Anacronismo e (In)Segurança
Data: 13/08/15
Tanta coisa acontecendo, tantos panelaços, playboys sendo mortos. Por um segundo pensei no que seria mais pertinente escrever por aqui. Como policial federal que sou, resolvi voltar minhas atenções para a aprovação de uma proposta, que eleva os salários de advogados da União e delegados de polícia a pouco mais de 90% dos vencimentos dos ministros do STF.
Seria louvável se não fosse trágico, principalmente dentro da esfera policial. Os delegados de polícia, aprovados em concursos públicos de elevado grau de dificuldade e quase sempre de lisura irrepreensível, representam a minoria dentro de suas corporações. Não têm culpa da estrutura reinante, que possibilita ao recém-egresso dos bancos universitários, exclusivamente dos cursos de Direito, serem alçados a postos imediatos de chefia, para gerenciar policiais com anos a mais de experiência e, muitas vezes, com titulações acadêmicas mais vastas.
A lógica da estrutura de segurança pública brasileira prevê que os delegados de polícia existem para conduzir as investigações, através do instrumento chamado inquérito policial. Um dos argumentos usados por uma ala dos defensores do método é que o mesmo possui mais de 200 anos de existência e, por seu tradicionalismo, deve ser mantido.
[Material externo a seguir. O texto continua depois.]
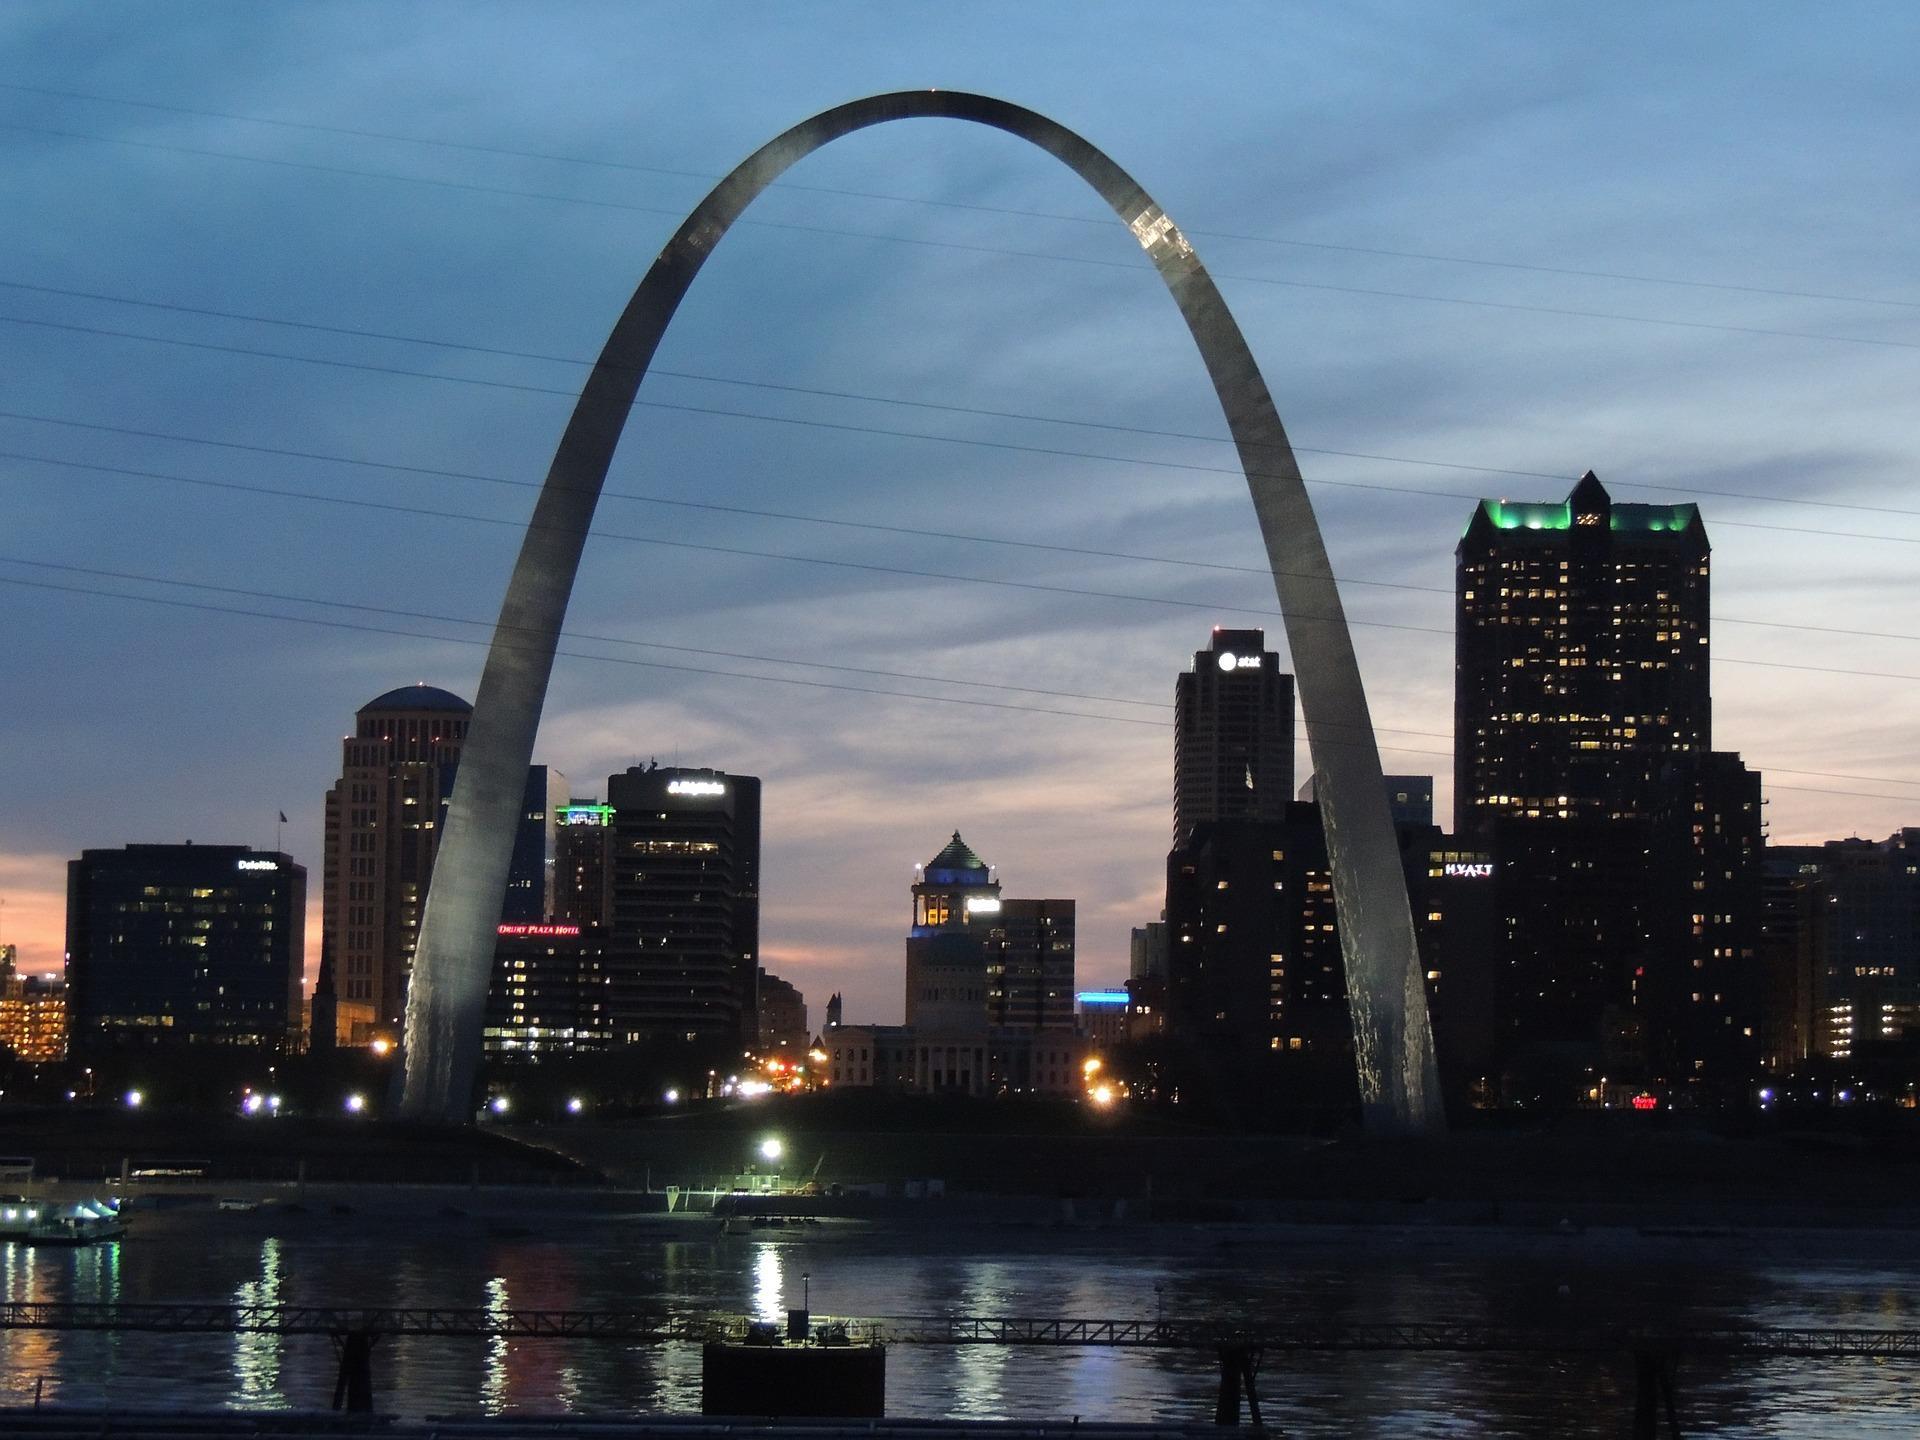 Name change to Gateway Arch National Park in Trump's hands

Entretanto, por esse apego às origens coloniais do inquérito é que temos taxas de resoluções de crimes muito baixas. Ou alguém acredita que elucidar menos de 10% dos homicídios é digno de menção honrosa? Atribuir uma natureza jurídica ao método investigativo é questionável, uma vez que o Ministério Público e a própria Justiça têm a incumbência de cumprir essa função.
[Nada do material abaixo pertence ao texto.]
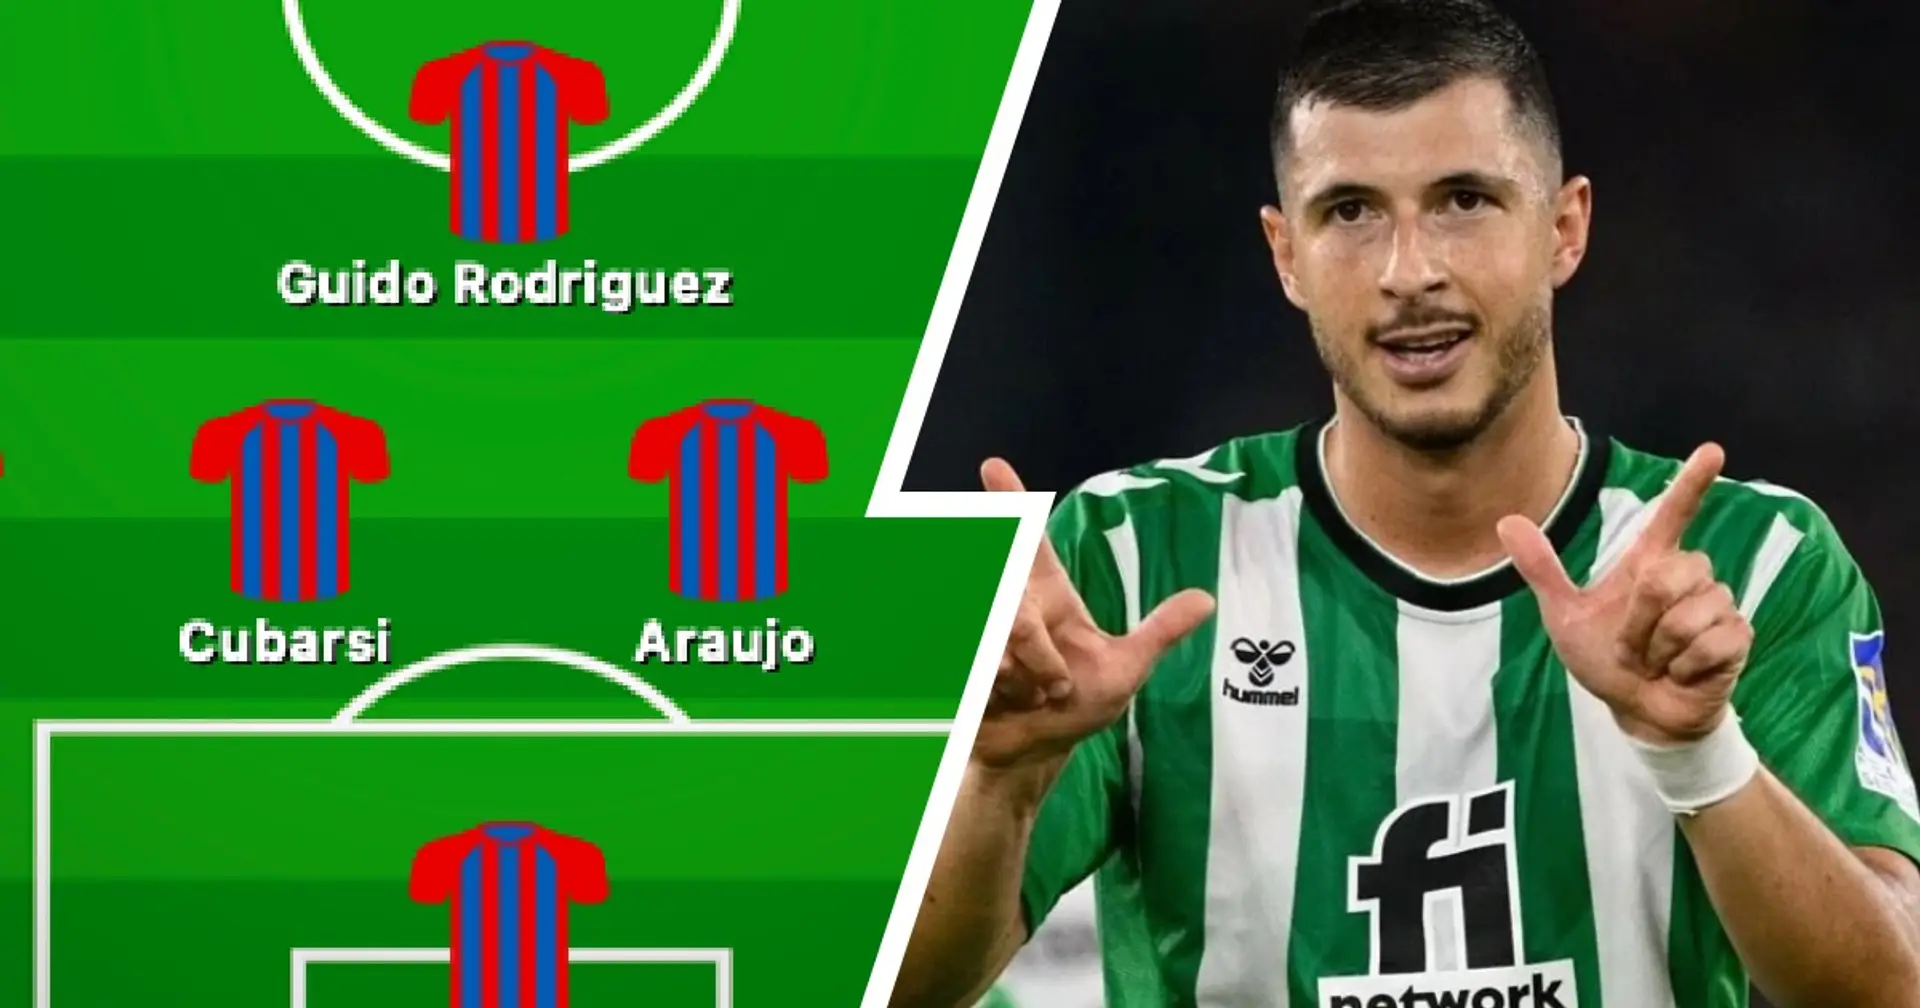 How Barca could line up next season with Guido Rodriguez - shown

Caberia, então, aos gestores policiais a condução de investigações voltadas exclusivamente para a coleta de provas, que possam montar o intrincado quebra-cabeças do crime, cada vez mais organizado e menos burocrático, uma antítese da atividade cartorária das delegacias. O investimento no trabalho das perícias criminais, que deveria ser maciço, é irrisório para os cargos de polícia científica.
No mundo inteiro, os gestores de polícia têm características multidisciplinares, com profissionais de diversas áreas atuando em conjunto, buscando uma celeridade que possa embasar a Justiça na elucidação dos ilícitos. São historiadores, cientistas políticos, engenheiros etc. Sem o viés jurídico, que não encontra similares no planeta.
Percebe-se então que existe o policial não policial dentro das polícias brasileiras, uma vez que sua natureza sui generis acaba por lançá-lo em algum ponto situado entre a Polícia e a Justiça. O intrigante é que, mesmo diante de estudos acadêmicos de pesquisadores isentos, a Administração insiste na manutenção da ordem vigente, parecendo ser interessante perpetuar o anacronismo da estrutura, que cria abismos e gera crises internas nas instituições policiais, que a população não é capaz de perceber, encantada que está com super-heroísmo dos paladinos que atuam em operações como a Lava Jato.